This exercise calls for copying every line below that holds the word "Sets".

* **PROVIDED ENTRIES**
▼▼▼

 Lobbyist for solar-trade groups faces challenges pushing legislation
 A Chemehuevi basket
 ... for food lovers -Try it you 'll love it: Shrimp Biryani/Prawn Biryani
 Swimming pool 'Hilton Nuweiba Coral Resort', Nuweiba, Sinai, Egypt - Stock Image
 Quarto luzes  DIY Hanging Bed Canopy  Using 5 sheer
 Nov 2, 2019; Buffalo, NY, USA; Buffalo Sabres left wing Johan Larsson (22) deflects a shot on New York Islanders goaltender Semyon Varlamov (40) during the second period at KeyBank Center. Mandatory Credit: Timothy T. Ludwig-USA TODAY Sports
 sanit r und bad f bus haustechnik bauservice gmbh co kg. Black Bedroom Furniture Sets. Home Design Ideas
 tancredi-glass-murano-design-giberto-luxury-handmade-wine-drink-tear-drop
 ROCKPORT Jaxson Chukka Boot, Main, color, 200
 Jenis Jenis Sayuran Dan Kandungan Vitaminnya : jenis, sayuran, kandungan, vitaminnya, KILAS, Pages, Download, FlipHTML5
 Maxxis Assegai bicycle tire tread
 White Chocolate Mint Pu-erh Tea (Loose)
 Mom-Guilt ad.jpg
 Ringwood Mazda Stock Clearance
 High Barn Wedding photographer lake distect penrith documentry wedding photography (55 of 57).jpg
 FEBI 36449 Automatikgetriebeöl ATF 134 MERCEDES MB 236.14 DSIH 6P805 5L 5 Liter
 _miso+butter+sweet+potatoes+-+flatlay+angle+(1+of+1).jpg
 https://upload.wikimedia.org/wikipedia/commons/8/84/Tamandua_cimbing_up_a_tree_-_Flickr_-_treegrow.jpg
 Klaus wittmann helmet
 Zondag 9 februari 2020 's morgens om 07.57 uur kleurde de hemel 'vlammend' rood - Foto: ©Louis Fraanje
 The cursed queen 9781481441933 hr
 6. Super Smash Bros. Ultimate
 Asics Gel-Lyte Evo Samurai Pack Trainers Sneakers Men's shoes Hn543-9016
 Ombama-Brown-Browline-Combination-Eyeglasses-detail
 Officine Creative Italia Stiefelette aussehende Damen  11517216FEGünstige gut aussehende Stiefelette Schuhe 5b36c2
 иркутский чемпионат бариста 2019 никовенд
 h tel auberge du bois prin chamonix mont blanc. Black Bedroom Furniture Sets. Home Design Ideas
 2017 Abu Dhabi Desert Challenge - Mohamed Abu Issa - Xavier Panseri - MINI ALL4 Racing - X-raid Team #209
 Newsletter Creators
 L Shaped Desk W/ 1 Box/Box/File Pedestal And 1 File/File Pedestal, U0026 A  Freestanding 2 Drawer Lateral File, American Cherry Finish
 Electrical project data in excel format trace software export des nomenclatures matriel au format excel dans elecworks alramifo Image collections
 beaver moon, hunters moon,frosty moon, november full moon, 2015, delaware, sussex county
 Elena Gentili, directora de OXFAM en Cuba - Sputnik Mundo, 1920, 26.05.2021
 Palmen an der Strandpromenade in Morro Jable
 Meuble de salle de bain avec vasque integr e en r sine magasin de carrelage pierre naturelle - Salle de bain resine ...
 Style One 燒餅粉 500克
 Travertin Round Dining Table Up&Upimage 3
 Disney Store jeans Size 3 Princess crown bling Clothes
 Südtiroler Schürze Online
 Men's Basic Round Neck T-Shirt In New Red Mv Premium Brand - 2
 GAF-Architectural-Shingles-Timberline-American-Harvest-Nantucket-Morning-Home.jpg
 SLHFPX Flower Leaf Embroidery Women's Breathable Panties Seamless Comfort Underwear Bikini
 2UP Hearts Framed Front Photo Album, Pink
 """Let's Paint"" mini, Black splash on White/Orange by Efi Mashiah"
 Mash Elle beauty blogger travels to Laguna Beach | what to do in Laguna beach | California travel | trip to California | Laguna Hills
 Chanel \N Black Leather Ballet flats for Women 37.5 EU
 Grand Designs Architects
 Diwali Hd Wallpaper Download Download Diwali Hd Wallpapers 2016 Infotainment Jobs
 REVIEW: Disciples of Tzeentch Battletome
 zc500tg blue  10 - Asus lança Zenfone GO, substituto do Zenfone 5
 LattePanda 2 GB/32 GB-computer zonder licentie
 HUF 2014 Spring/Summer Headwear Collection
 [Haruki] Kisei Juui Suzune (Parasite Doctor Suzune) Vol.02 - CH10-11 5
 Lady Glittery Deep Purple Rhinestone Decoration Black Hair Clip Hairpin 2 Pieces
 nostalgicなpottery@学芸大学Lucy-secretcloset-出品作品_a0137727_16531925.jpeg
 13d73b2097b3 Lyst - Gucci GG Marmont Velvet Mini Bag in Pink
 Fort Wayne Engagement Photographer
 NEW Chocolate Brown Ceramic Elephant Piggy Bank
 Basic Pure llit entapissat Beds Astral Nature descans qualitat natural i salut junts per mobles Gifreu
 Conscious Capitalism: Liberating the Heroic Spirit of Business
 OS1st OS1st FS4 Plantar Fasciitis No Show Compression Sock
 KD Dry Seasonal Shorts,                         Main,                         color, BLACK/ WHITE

▲▲▲

* **EXERCISE OUTPUT**
 sanit r und bad f bus haustechnik bauservice gmbh co kg. Black Bedroom Furniture Sets. Home Design Ideas
 h tel auberge du bois prin chamonix mont blanc. Black Bedroom Furniture Sets. Home Design Ideas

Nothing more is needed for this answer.